Should you find yourself in a situation where you might have leftover produce such as apples, and they are a little soft, let me suggest you make your own applesauce.  This process may initially seem daunting or like too much work...however once you do it you will never turn back to store bought again.  I make unsweetened applesauce all the time for the kids.

This week was one of those weeks where I had some extra apples

So I chopped them up, skins still on (I like to include the extra fiber)




Add them to a pot and add enough water to cover them up half way



If you would like the sauce to be a little sweet just add 1 or 2 cloves to the pot (it gives the applesauce an amazing flavor).
 Bring the water to a boil and then continue to boil the apples until they are fork tender (these 2 apples took about 10 minutes).
Spoon your apples into a blender, or food processor, with a little bit of the cooking liquid and blend until smooth (if you've put cloves in make sure you remove them before blending)
This is what you end up with:

My 2 small apples made about 1 cup of sauce.  I used 1/4 cup of it in the vegan banana bread I made here.

Friday, June 24, 2011

Vegan B-a-n-a-n-a Bread

The title of today's post is not a ploy to get you humming the obnoxious song "Hollaback Girl" by Gwen Stefani (why is it that she feels the need to spell banana about 20 times) nor am I searching for a reason to don my high school cheerleader uniform (much to the chagrin of my husband).

Instead I've used the clever banana spelling in hopes you won't be scared by the word "vegan" in the title...I promise this is the most delicious banana bread you will eat.

The below recipe is written to be used in a bundt pan, because with three kids I need to have plenty of this around, but if you need to make a loaf version please cut the recipe in half.

Vegan Banana Bread
3 c unbleached all purpose flour
1/2 tsp baking soda
3 tsp baking powder
3/4 tsp cinnamon
2 flax eggs
3 large (4 medium) bananas
1 1/2 c sugar
1/2 c oil (or 1/4 c oil & 1/4 c unsweetened applesauce)
1/4 c brown sugar
2 tbsp Earth Balance
1/4 c quick oats

Preheat your oven to 350 and grease your bundt pan.

You will need to make your flax eggs first as it needs a couple of minutes to thicken.

To make the eggs combine 2 tbsp ground flax seed with 6 tbsp water.


Whisk together until flax and water are combined, then set aside.


Peel your bananas, break them into 3 to 4 pieces, and place in a large bowl.

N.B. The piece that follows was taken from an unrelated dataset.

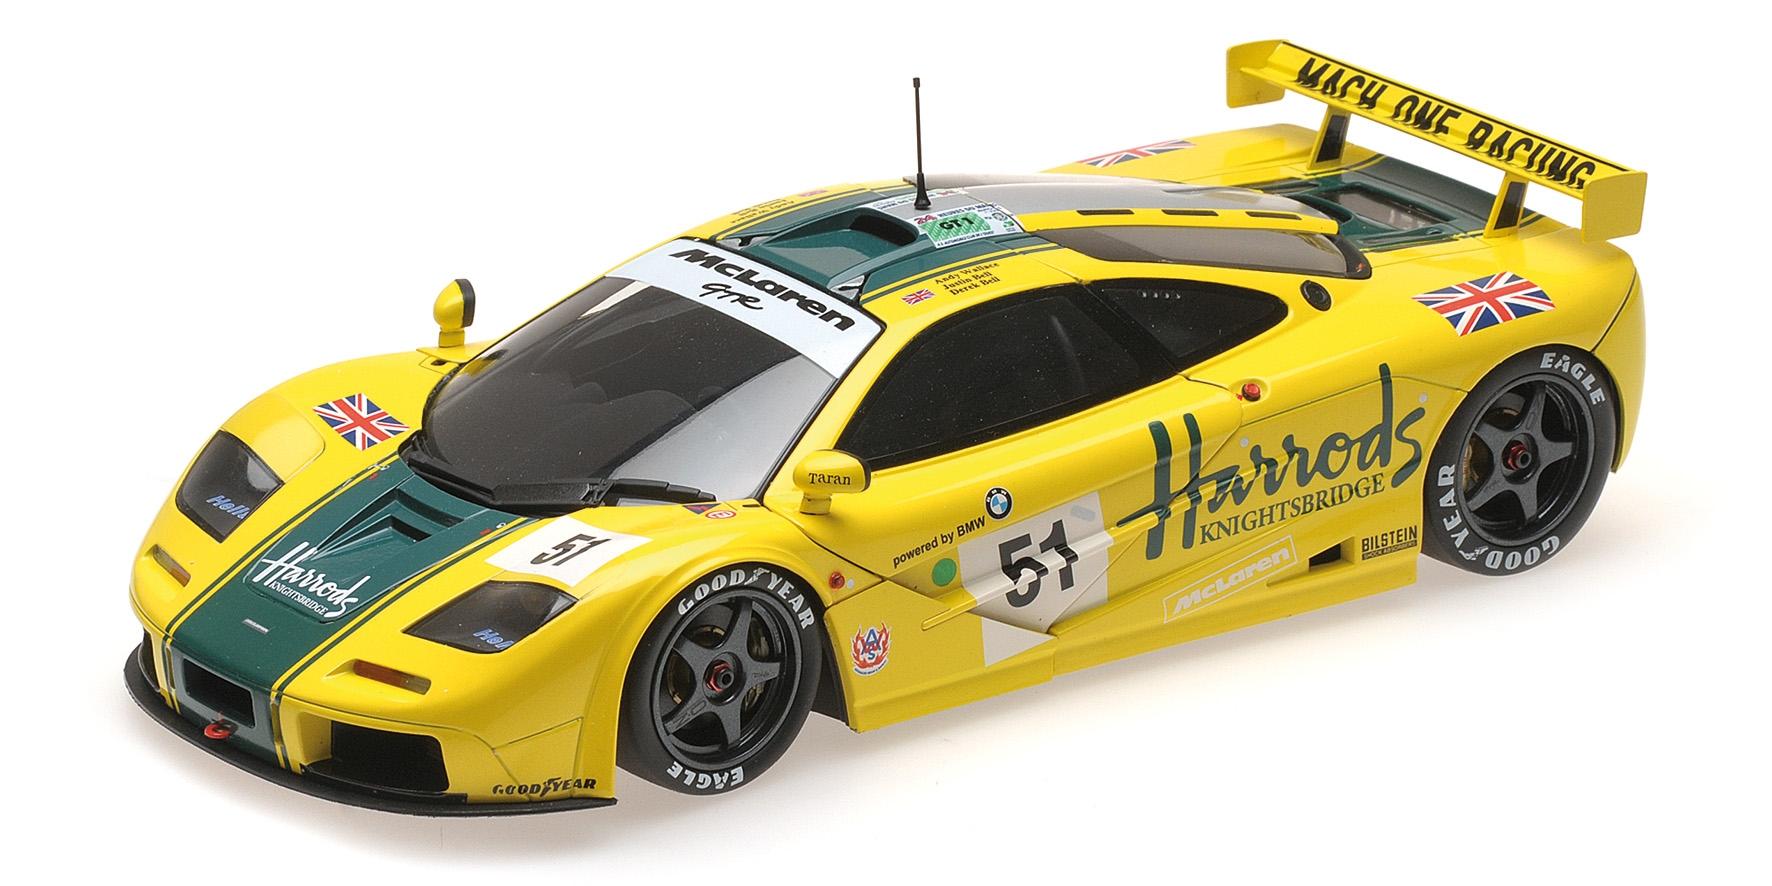 McLAREN F1 GTR HARRODS MACH ONE RACING WALLACE BELL 24H LE MANS 1995 Minichamps

On top of that place your flour, baking soda, baking powder, cinnamon, and oil.


To combine the ingredients I prefer to use a potato mashed to mash the bananas while also combining everything, a multi tasking (plus less dishes to wash) .


Before everything is completely incorporated add in your flax eggs, and mix them in.







Melt the Earth Balance and combine it with your brown sugar.


Drizzle your brown sugar syrup in top of bundt pan and then sprinkle with oats.




Pour your batter on top and then place in oven.


You will need bake for 60 minutes


Once baking is complete allow cake to cool for 10 minutes before turning it out onto a plate.


Once cool cut and enjoy...who are we kidding there will no waiting for this to cool.